Mutagenesis and isolation of 25-hydroxycholesterol-resistant cells overexpressing SCAP
SRD-19 cells were isolated in the same experiment that yielded Insig-1- and Insig-2-deficient SRD-15 cells (19). Briefly, 2.5 x 10⁷ SRD-14 cells were subjected to -irradiation as described previously (18). The mutagenized cells were immediately plated at 5 x 10⁵ cells/100 mm dish in medium A containing 5% lipoprotein-deficient serum. On day 1, cells were refed identical medium containing 1.25 µM 25-hydroxycholesterol. Fresh medium was added to cells every 2 days until colonies formed. On day 29, the surviving colonies were isolated with cloning cylinders and allowed to proliferate. Of the 50 original dishes, 20 contained 25-hydroxycholesterol-resistant colonies; 19 of these colonies exhibited reduced expression of Insig-2, one of which was designated SRD-15 (19). The remaining colony (expressing normal levels of Insig-2) was cloned by limiting dilution and designated SRD-19.

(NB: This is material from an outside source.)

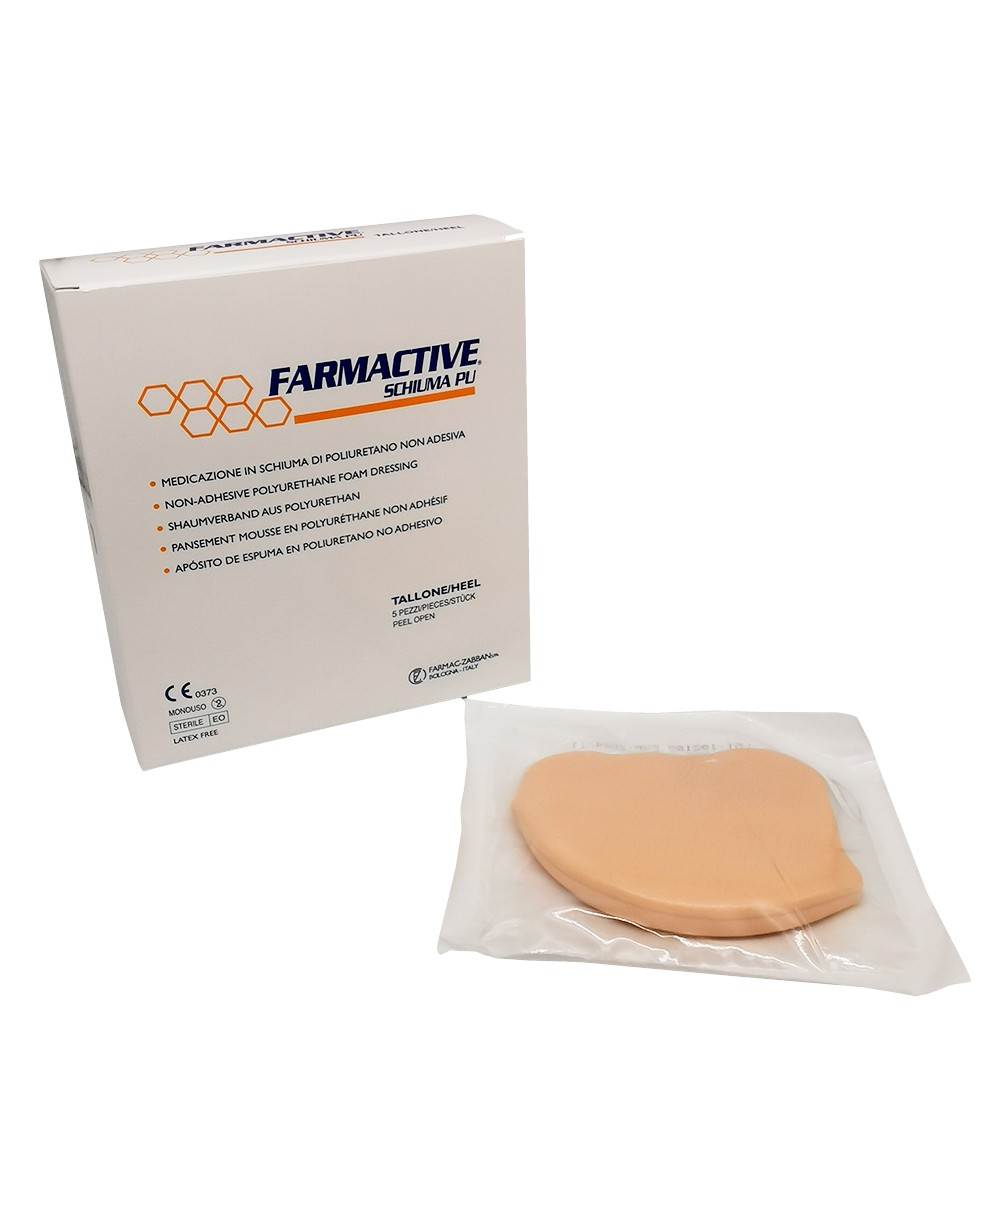 Medicazione Avanzata Sterile Antidecubito per Tallone in Schiuma di Poliuretano Non Adesiva Farmactive Schiuma PU - Confezione

SRD-19 cells stably overexpressing human Insig-1 or Insig-2 were generated as follows. On day 0, SRD-19 cells were set up at 5 x 10⁵ cells per 60 mm dish in medium A containing 5% fetal calf serum, 5 µg/ml cholesterol, 1 mM mevalonate, and 20 µM sodium oleate. On day 1, cells were transfected with 1 µg of pCMV-Insig-1-Myc or pCMV-Insig-2-Myc, expression plasmids encoding human Insig-1 and Insig-2 followed by six tandem copies of the c-Myc epitope (3, 4), using the FuGENE 6 transfection reagent (Roche) as described (25). On day 2, cells were switched to identical medium supplemented with 0.7 mg/ml G418. Fresh medium was added every 2–3 days until colonies formed after 2 weeks. Individual colonies were assessed by immunoblot analysis with anti-Myc. Cells from a single colony were cloned by limiting dilution and maintained in medium A containing 5% fetal calf serum, 5 µg/ml cholesterol, 1 mM mevalonate, 20 µM sodium oleate, and 0.5 mg/ml G418 at 37°C, 8–9% CO₂.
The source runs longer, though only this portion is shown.